Ей отрезали руку по плечо. «Не было никаких шансов, – позже говорил один из ее родных, – что ей приделают протез или крюк – ему попросту не за что было там держаться». Она лишилась руки. Руки, которая всегда была с ней, которой она чесала себя за нос, носила пакеты с продуктами, держала циферблаты часов.

Врачи были озадачены ее рукой. Она выглядела настолько странной с медицинской точки зрения, что после операции они поместили ее в формальдегид.

Что касается семьи Перселл, то для них это было своеобразным облегчением. «Доктор говорит, нам повезло, что она по-прежнему с нами», – тихо сказал Альфред Перселл.

Но его жена стала «беспомощной». Перед операцией она в последний раз сняла со своей левой руки обручальное кольцо. Теперь она стала носить его на правой руке и просила Альберта плотно закалывать булавкой ей левый рукав, чтобы не было видно культи. «Мой муж, – позже говорила она, – стал моими руками».

Шарлотте и Альфреду оставалось только надеяться, что столь большой жертвы будет достаточно. Тем не менее как минимум с одним эта операция уже не помогла. «Она по-прежнему чувствует, – заметил Альберт, – ужасную боль в руке, которую они отрезали». Эта призрачная девушка страдала от фантомных болей в руке, которой уже не было на месте.

«Есть вероятность, – добавил Альберт, – рецидива на правой стороне. Мы пока ничего точно не знаем».

Это могло показать лишь время.

Глава 43

Это письмо пришло по адресу Ист-Супериор-стрит, 520, – ничем не примечательный конверт, адресованный мистеру Томасу Донохью. Оно выглядело совершенно безобидным, чего нельзя сказать о новостях, которые в нем содержались. Сделав все необходимые тесты, включая рентгеновский снимок ее челюсти, доктор Лоффлер теперь мог подтвердить свои догадки. Кэтрин Донохью страдала от отравления радием.

«Том был раздавлен, – вспоминала его племянница Мэри. – Полностью раздавлен. Я не знаю, как он вообще продолжал жить».

«После этого, – сказал Том, – я взял на себя заботу о [Томми], так как [Кэтрин] больше с этим не справлялась».

Сама Кэтрин ничего не говорила открыто о том, что она чувствовала. Наверное, она молилась, как и большинство ее заболевших подруг. «Я свято верю, – писала одна из них, – что только благодаря молитвам я продолжала держаться».

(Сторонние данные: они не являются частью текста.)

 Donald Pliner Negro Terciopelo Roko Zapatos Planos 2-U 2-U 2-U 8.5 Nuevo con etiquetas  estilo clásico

Вместе с тем всего через считаные дни после полученного Кэтрин и Томом письма из Чикаго болезнь лишила ее даже утешения от молитв. В среду, 25 апреля 1934 года, она, хромая, преодолела короткое расстояние до церкви Святого Колумбы, однако оказалась не в состоянии преклонить колени. Движения в ее тазобедренном суставе сковало настолько, что она больше не могла согнуть ноги для молитвы: для Кэтрин, которая была такой набожной, это стало ужасным огорчением. Примерно в то же время Шарлотта Перселл вернулась домой из больницы «без руки». Врачи подтвердили, что во всех ее бедах виновен радий, – и Том Донохью посчитал, что кто-то должен сообщить об этом компании Radium Dial.

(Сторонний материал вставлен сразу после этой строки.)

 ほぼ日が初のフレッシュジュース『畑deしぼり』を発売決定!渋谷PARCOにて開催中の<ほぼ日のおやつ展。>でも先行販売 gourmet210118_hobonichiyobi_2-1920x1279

Оттава была маленьким городом. Мистер и миссис Рид, управляющий и инструктор студии, не ходили в церковь Святого Колумбы, однако всегда миновали ее по дороге на работу.

«Я увидел их на улице, – вспоминал Том о своей случайной встрече с ними. – Я сказал им, что женщинам сильно нездоровится, а также что врачи обнаружили, что все дело в содержащемся в используемой ими краске материале».

Но мистер Рид отказался признать ответственность. Он продолжал отрицать, даже когда увидел проходящих мимо студии Шарлотту с мужем – они натолкнулись на него, когда он спускался по ступенькам. Альфред был «невероятно зол» из-за всего случившегося, однако мистер Рид отмахнулся от всех его претензий.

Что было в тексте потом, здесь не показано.